- _Task requirements_
Every line of the data below must be output exactly, with images left out.

- _Collected data_
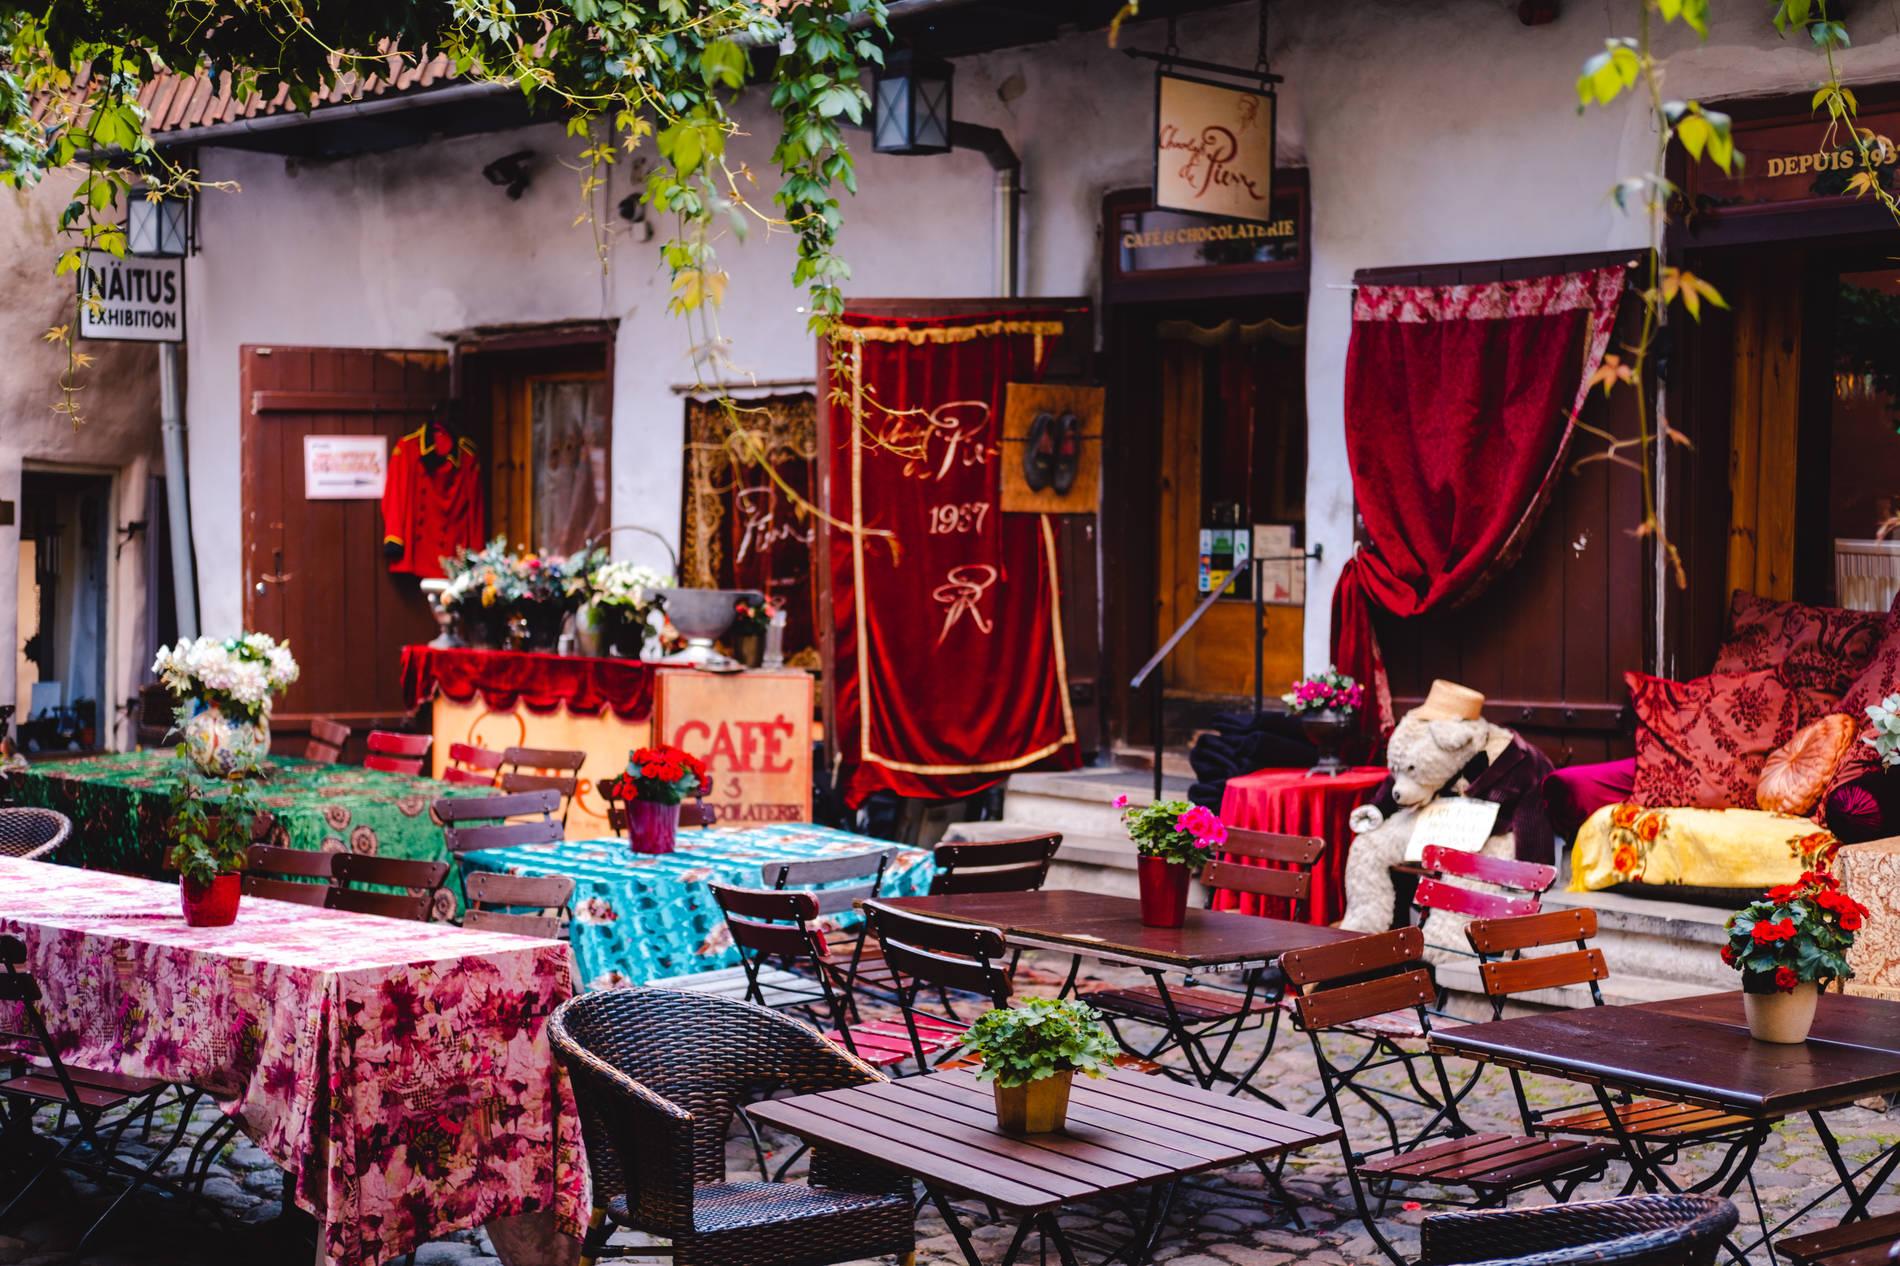 A café in the Master's Courtyard in Tallinn, Estonia
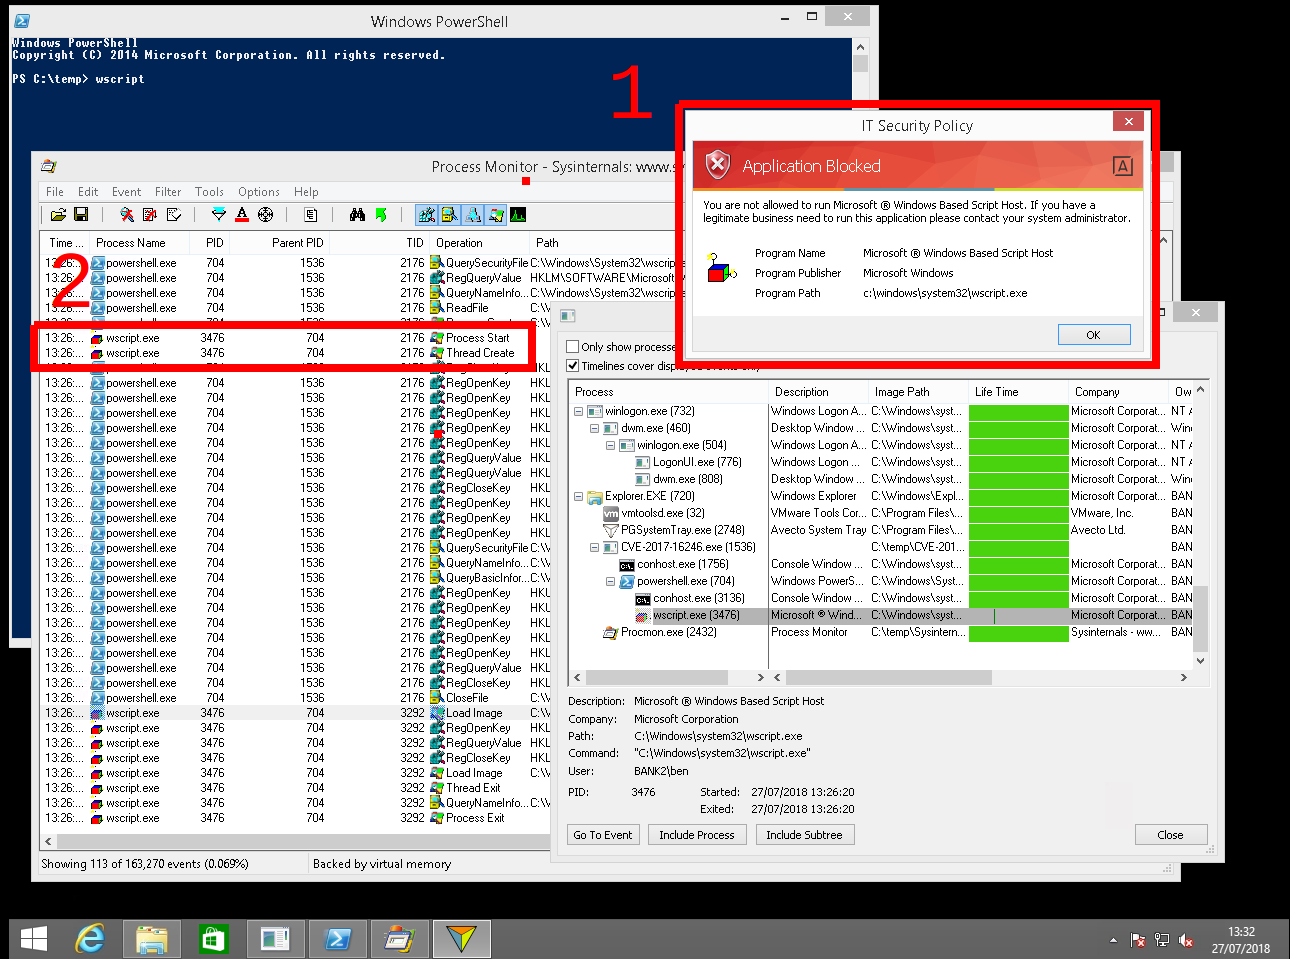 C:\Users\coakley\Desktop\labs.nettitude.com\Blogs\2018\Avecto\Pictures\Avecto_WscriptBlocked_A.png
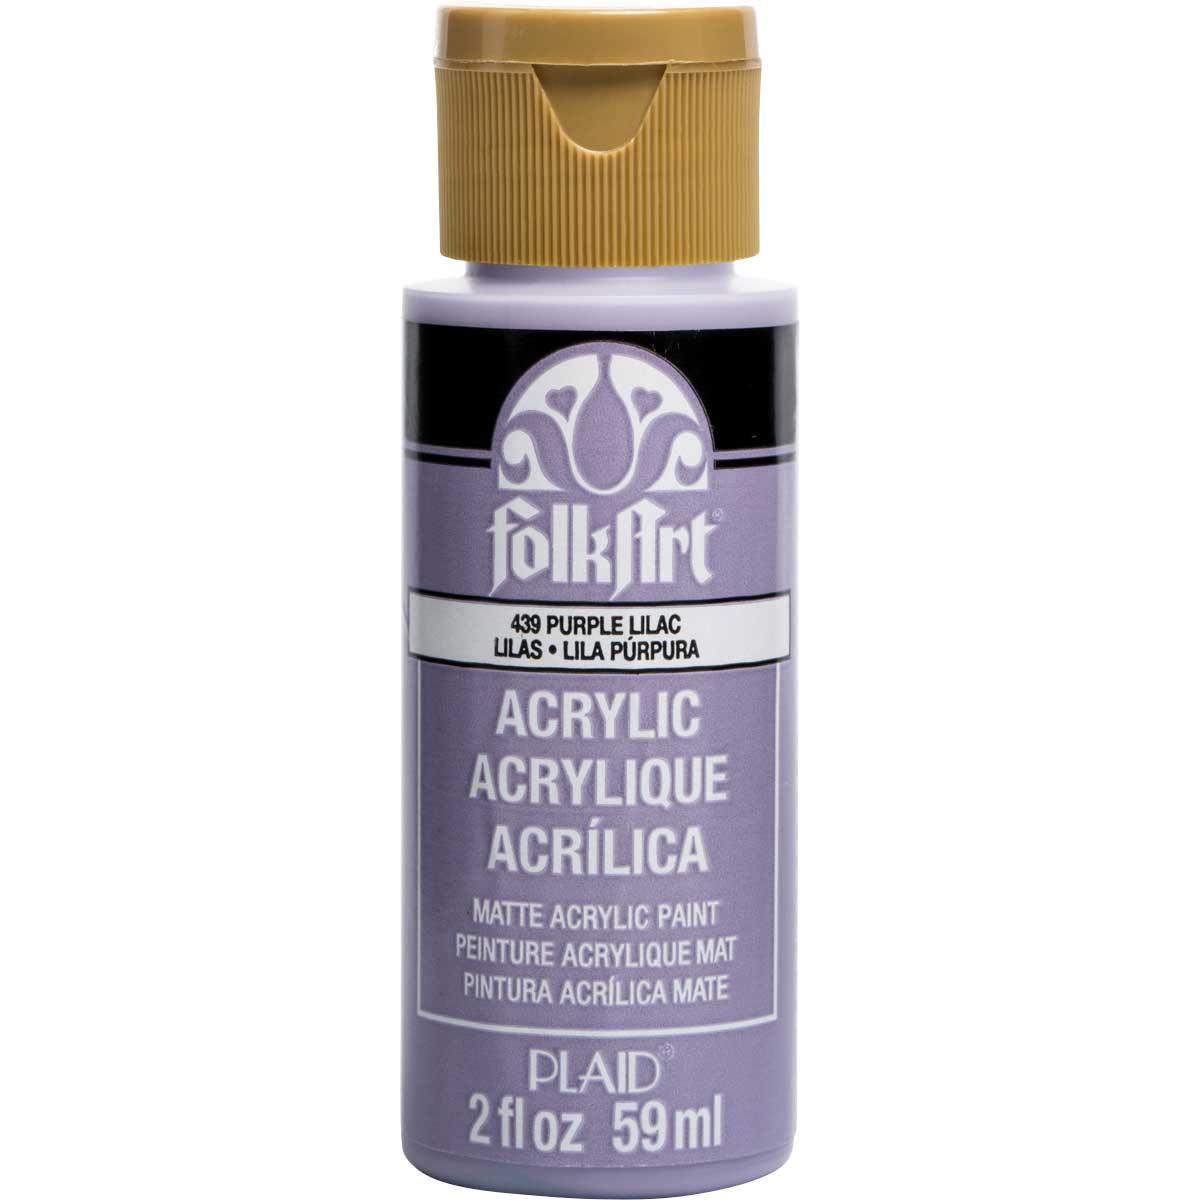 FolkArt ® Acrylic Colors - Purple Lilac, 2 oz. - 439
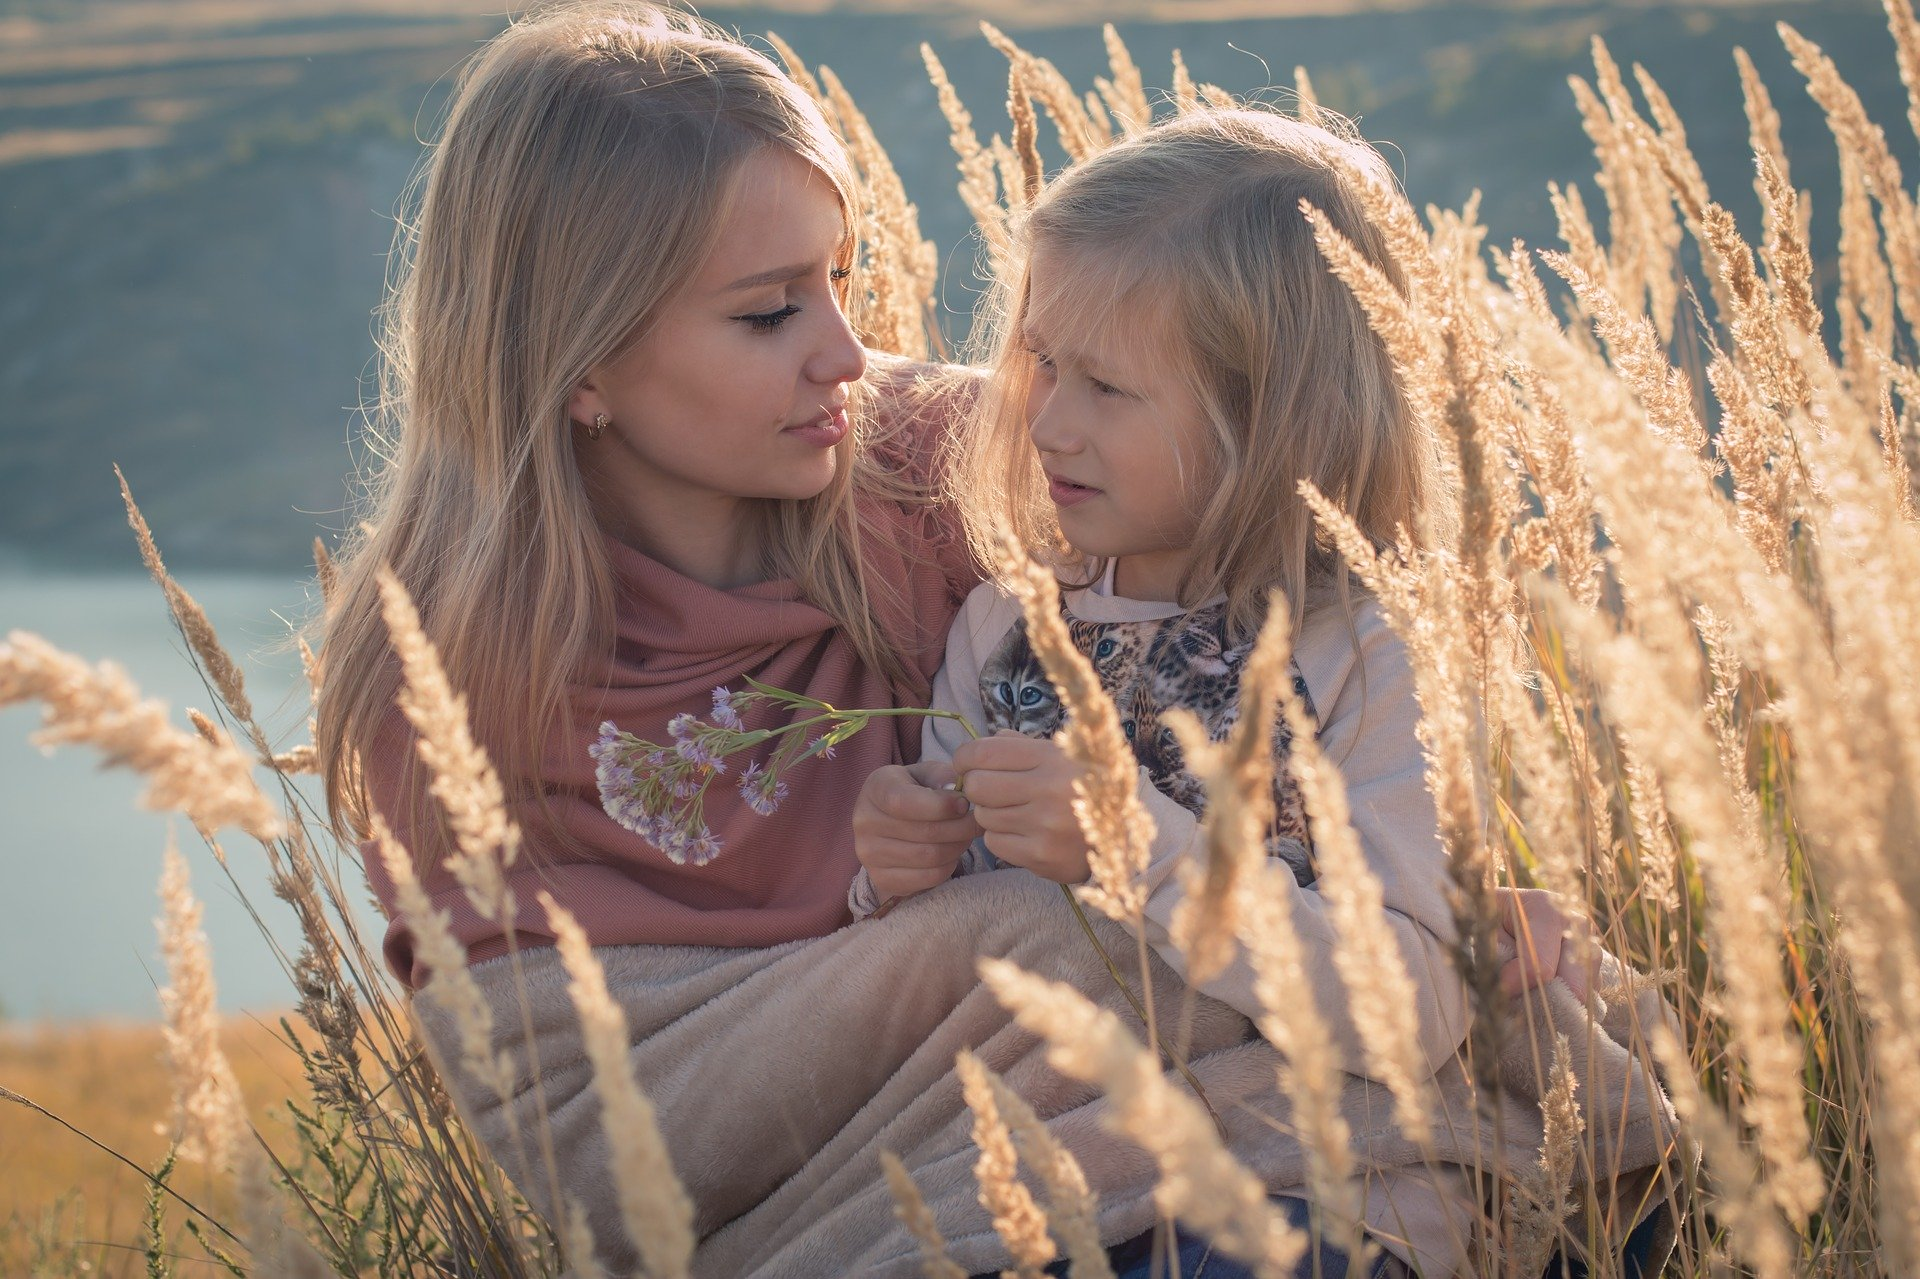 motheranddaughter02

- _Reply_
 A café in the Master's Courtyard in Tallinn, Estonia
 C:\Users\coakley\Desktop\labs.nettitude.com\Blogs\2018\Avecto\Pictures\Avecto_WscriptBlocked_A.png
 FolkArt ® Acrylic Colors - Purple Lilac, 2 oz. - 439
 motheranddaughter02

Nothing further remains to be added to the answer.